Wednesday, June 27, 2012

Stargate SG-1--"The Powers That Be"

“The Powers That Be” is yet another Vala-centric episode. It takes a surprising turn from a light-hearted “It’s Good to Be King” clone with Vala in the Maybourne role to a dark ending in which the Ori have won a major victory. There is a strange, thrown together feel to the story which makes one suspect the writers were hoping for Amanda tapping back but had to come up with something quickly when they could not, but it is still an interesting effort.

The Prior have been appearing on numerous different worlds as missionaries for the Ori. Vala recognizes one planet as having inhabitants who trust her. Sensing they must have a serious gullibility problem, what now passes for the SG-1 team heads to the planet. They discover Vala once ruled over it as the Goa’uld Qetesh, the Chaldean sex goddess. It figures. She returned after her symbiote was removed and continued to be worshiped as Qetesh while robbing the villagers of their resources. It figures. Now she just tricked SG-1 into helping her take the treasure. Yes, it also figures. Daniel convinces her to come clean about not being a goddess in the hope her confession will make them skeptical of the Ori. Instead, the villagers arrest and put vala on trial for her crimes against them.
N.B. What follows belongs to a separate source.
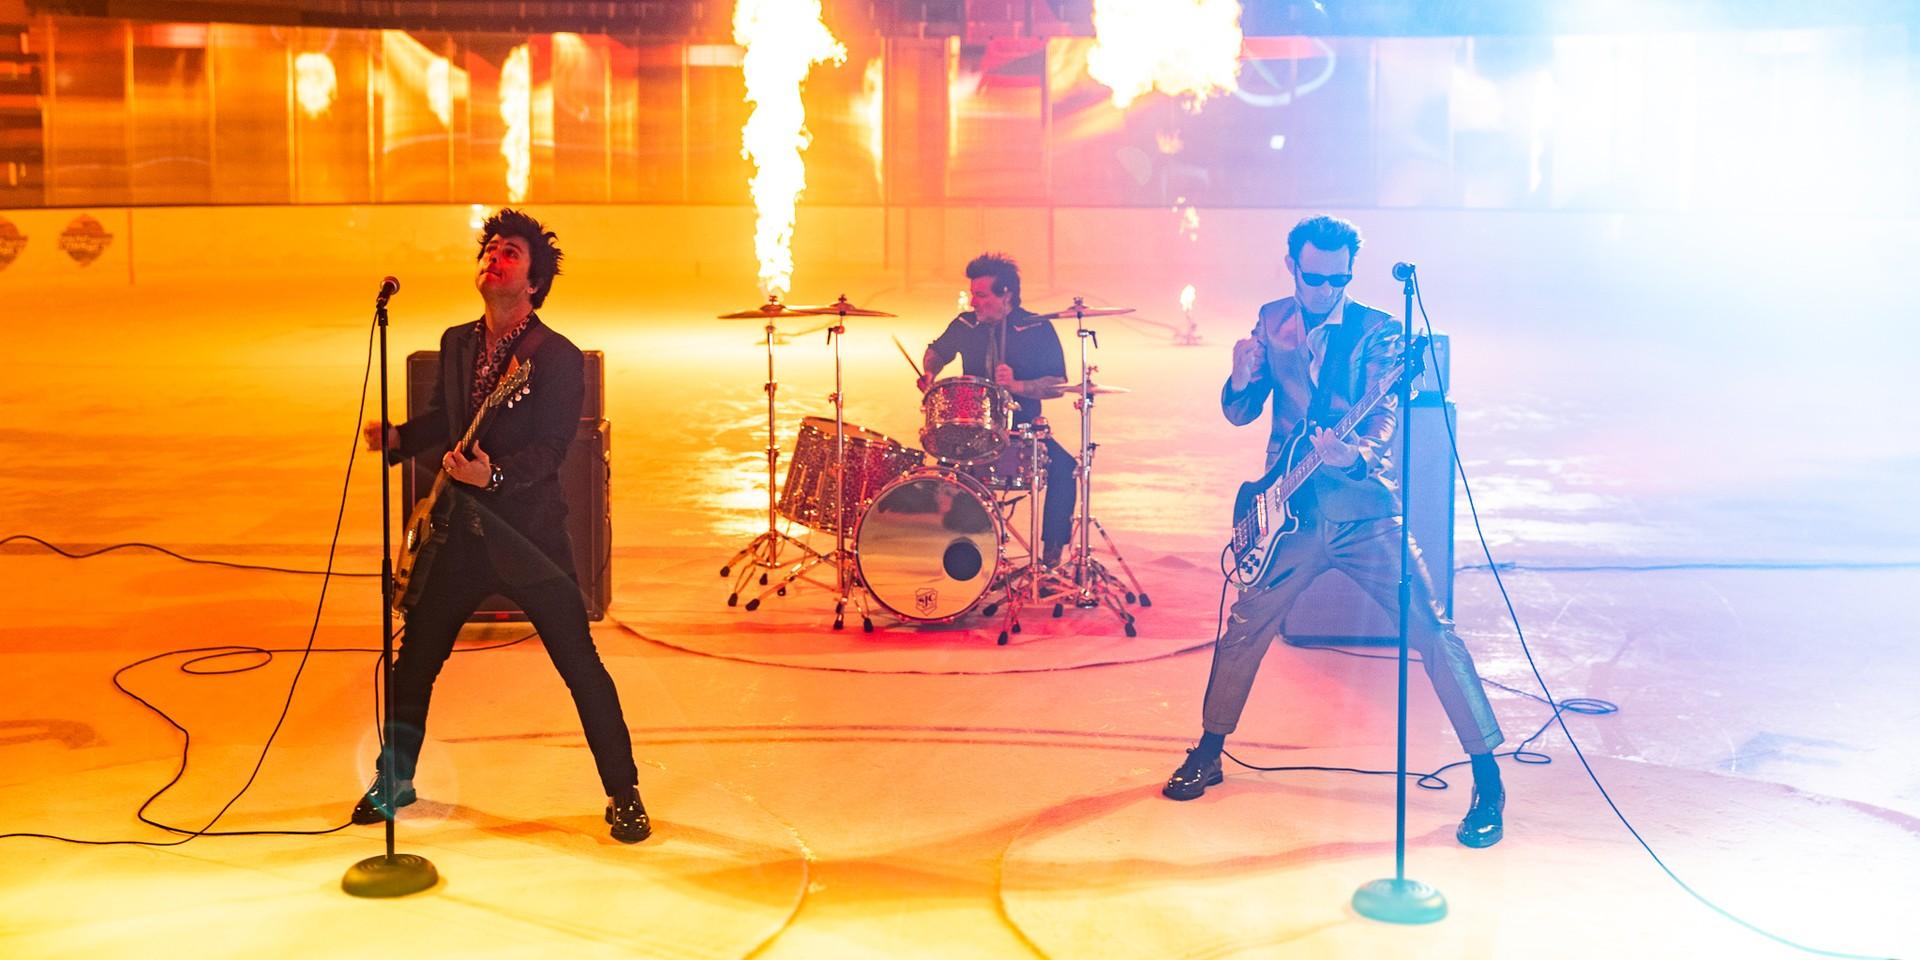 Green Day cancel Asia tour - Manila, Singapore, Bangkok, Tokyo, Osaka, Hong Kong, Seoul, and Taipei

Vala’s trial is interrupted by a visit by a Prior. The affair turns into a debate between the Prior and Daniel, who was serving a Vala’s advocate. He and the prior retread much of the ground from the opening trilogy.; free will v. servitude, faith v. reason, and faith v. science. The debate is not as one-sided as you might think. If you were not aware the Ori were deceiving their followers, you could be convinced daniel is grasping at straws solely because he does not like Origin. In response, the ori cause a plague to befall the villagers. It kills many of them and Cam for good measure. The Prior returns to heal the sick and bring the dead back to life, so the villagers are convinced to practice origin.

“The Powers That Be” fells not so much like filler, but thrown together at the last minute for lack of anything better. Hemce, I quipped about Tapping’s maternity leave. At first it feels like a comedy episode similar to “It’s Good to Be King.” then it turns into another exposition heavy debate between Daniel and a Prior over whether the Ori are worthy of worshipful devotion because of their actions. Cam falls ill to the plague for no apparent reason other than the shock value of the audience realizing he is dead. Teal’c is inexplicably part of the team even though he left at the end of the previous episode. There is no explanation why. He is once again relegated to wallpaper. The strangest part is Dr. Carolyn Lam is given a major role in the off world adventure, but for the second time winds up with another patient dying and brought back to life through no actions of her own. Come on, guys. Lexa Doig is Michael Shanks’ wife. Throw her a bone!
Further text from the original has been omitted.